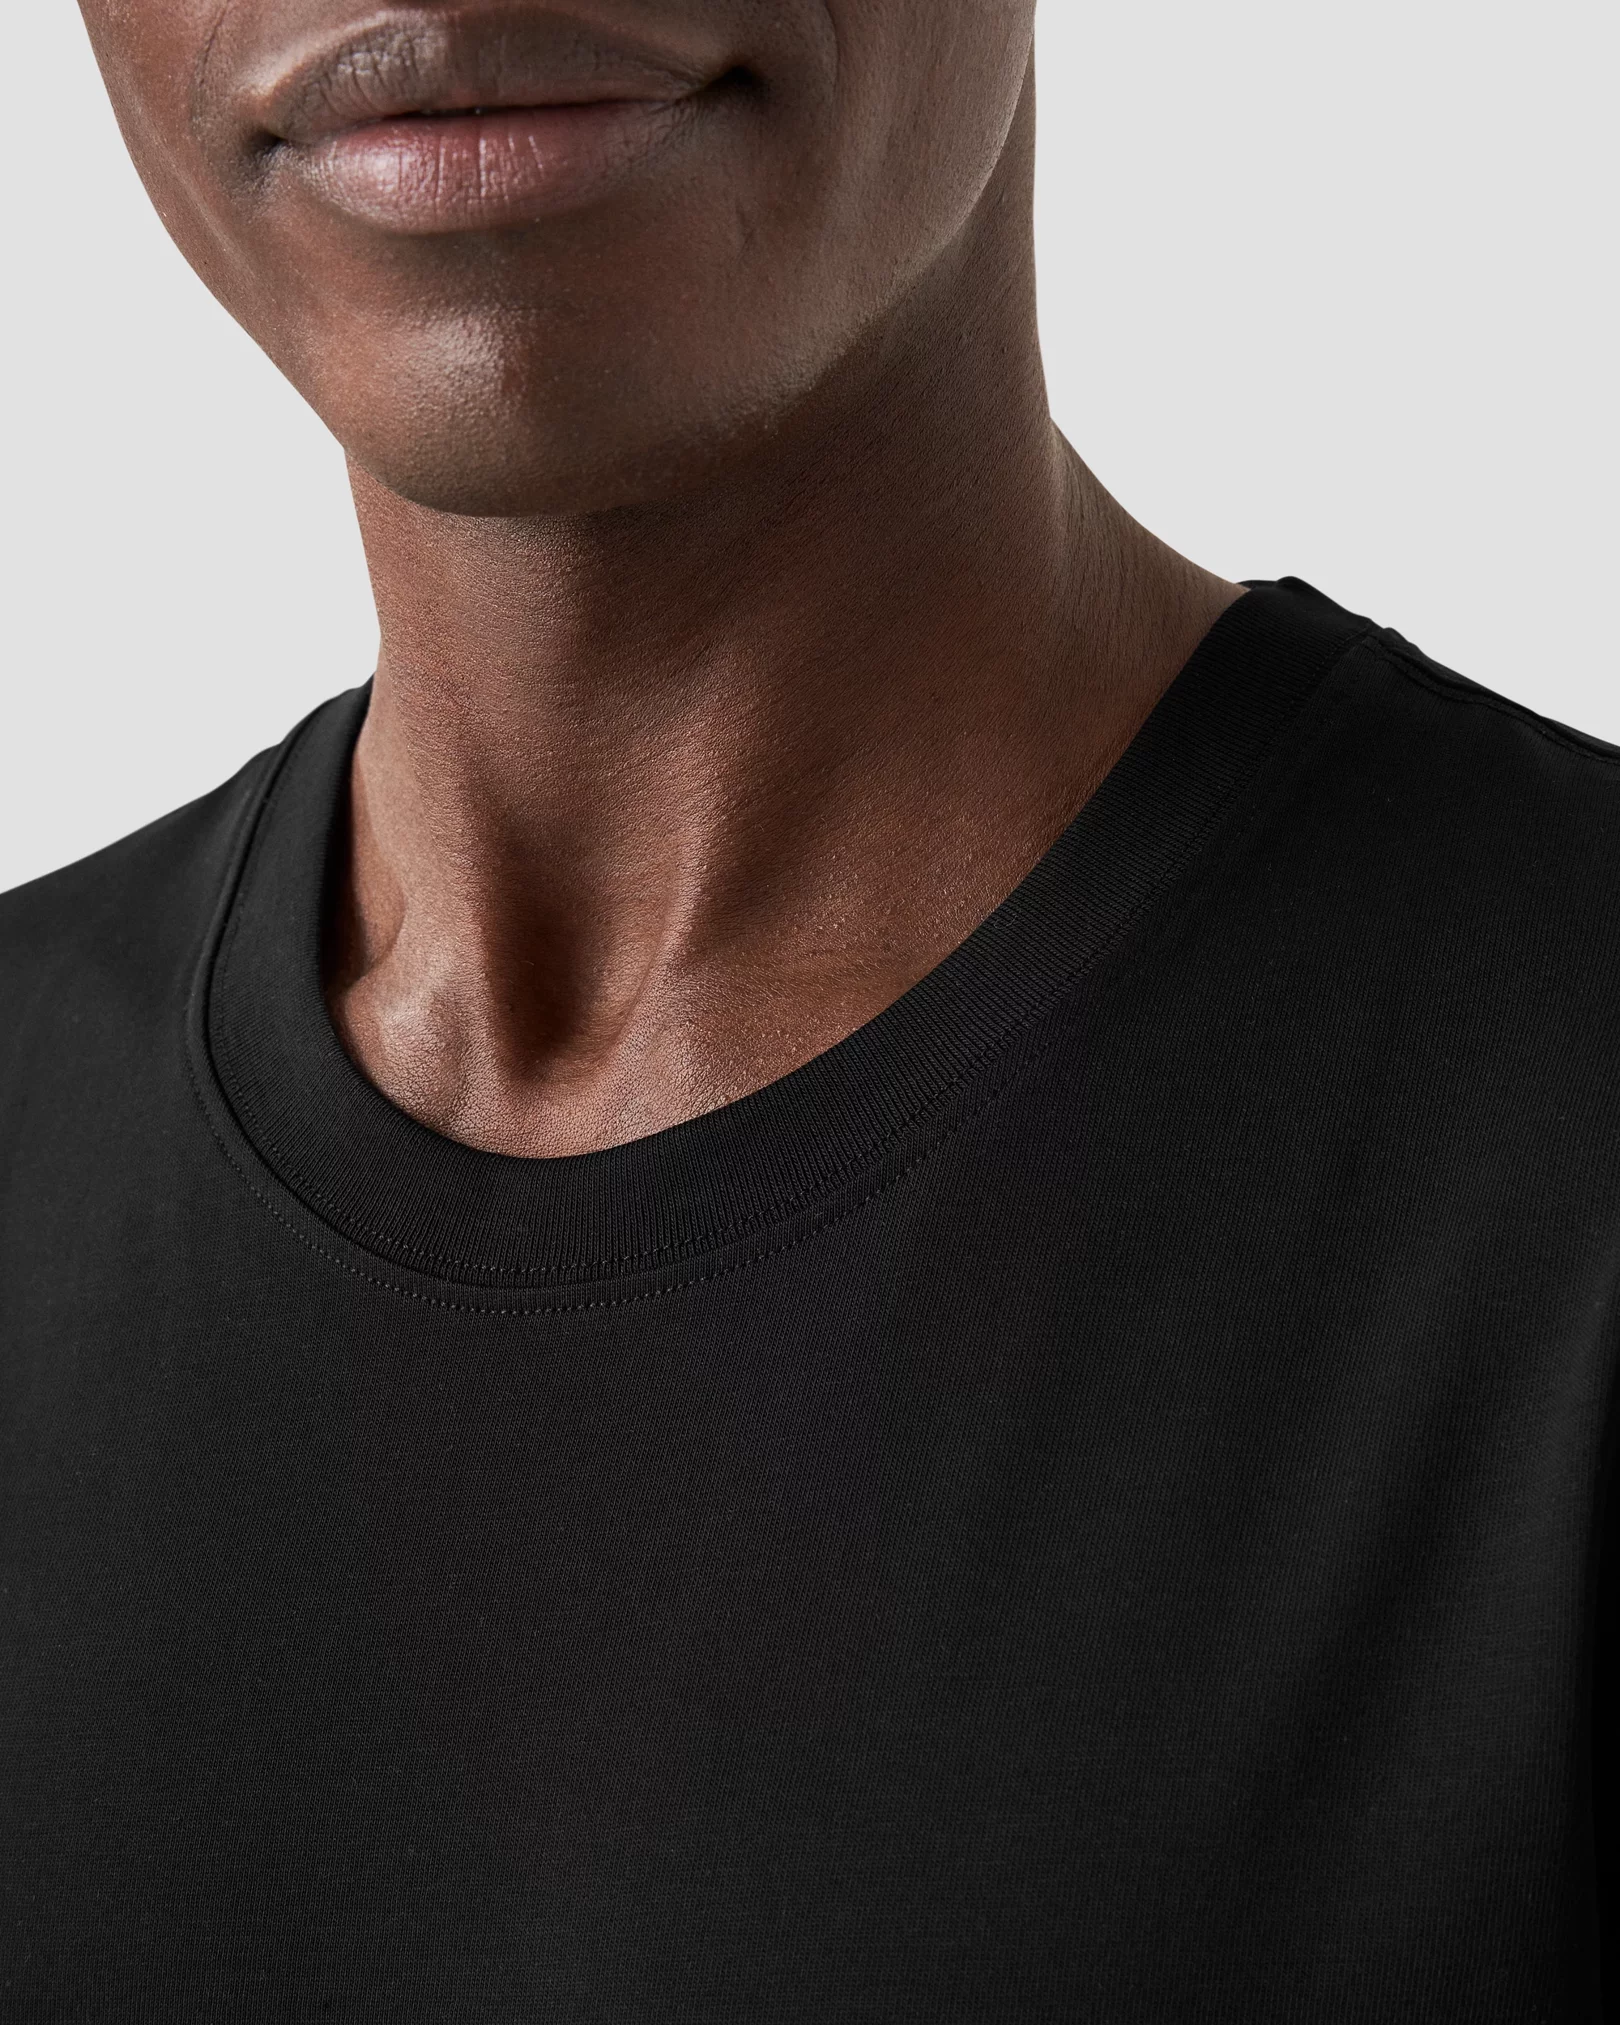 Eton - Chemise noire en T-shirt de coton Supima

◇ ◇ ◇ ◇ ◇ ◇ ◇

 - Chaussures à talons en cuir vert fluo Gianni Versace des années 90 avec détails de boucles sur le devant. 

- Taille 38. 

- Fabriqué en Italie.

◇ ◇ ◇ ◇ ◇ ◇ ◇

### [WHAT NEEDS TO BE DONE]
Every line above from the line with "- Chaussures à" to the line with "- Fabriqué en Italie.", inclusive, must be returned exactly; no other line belongs in the reply.

### [SOLUTION TO THE EXERCISE]
 - Chaussures à talons en cuir vert fluo Gianni Versace des années 90 avec détails de boucles sur le devant. 

- Taille 38. 

- Fabriqué en Italie.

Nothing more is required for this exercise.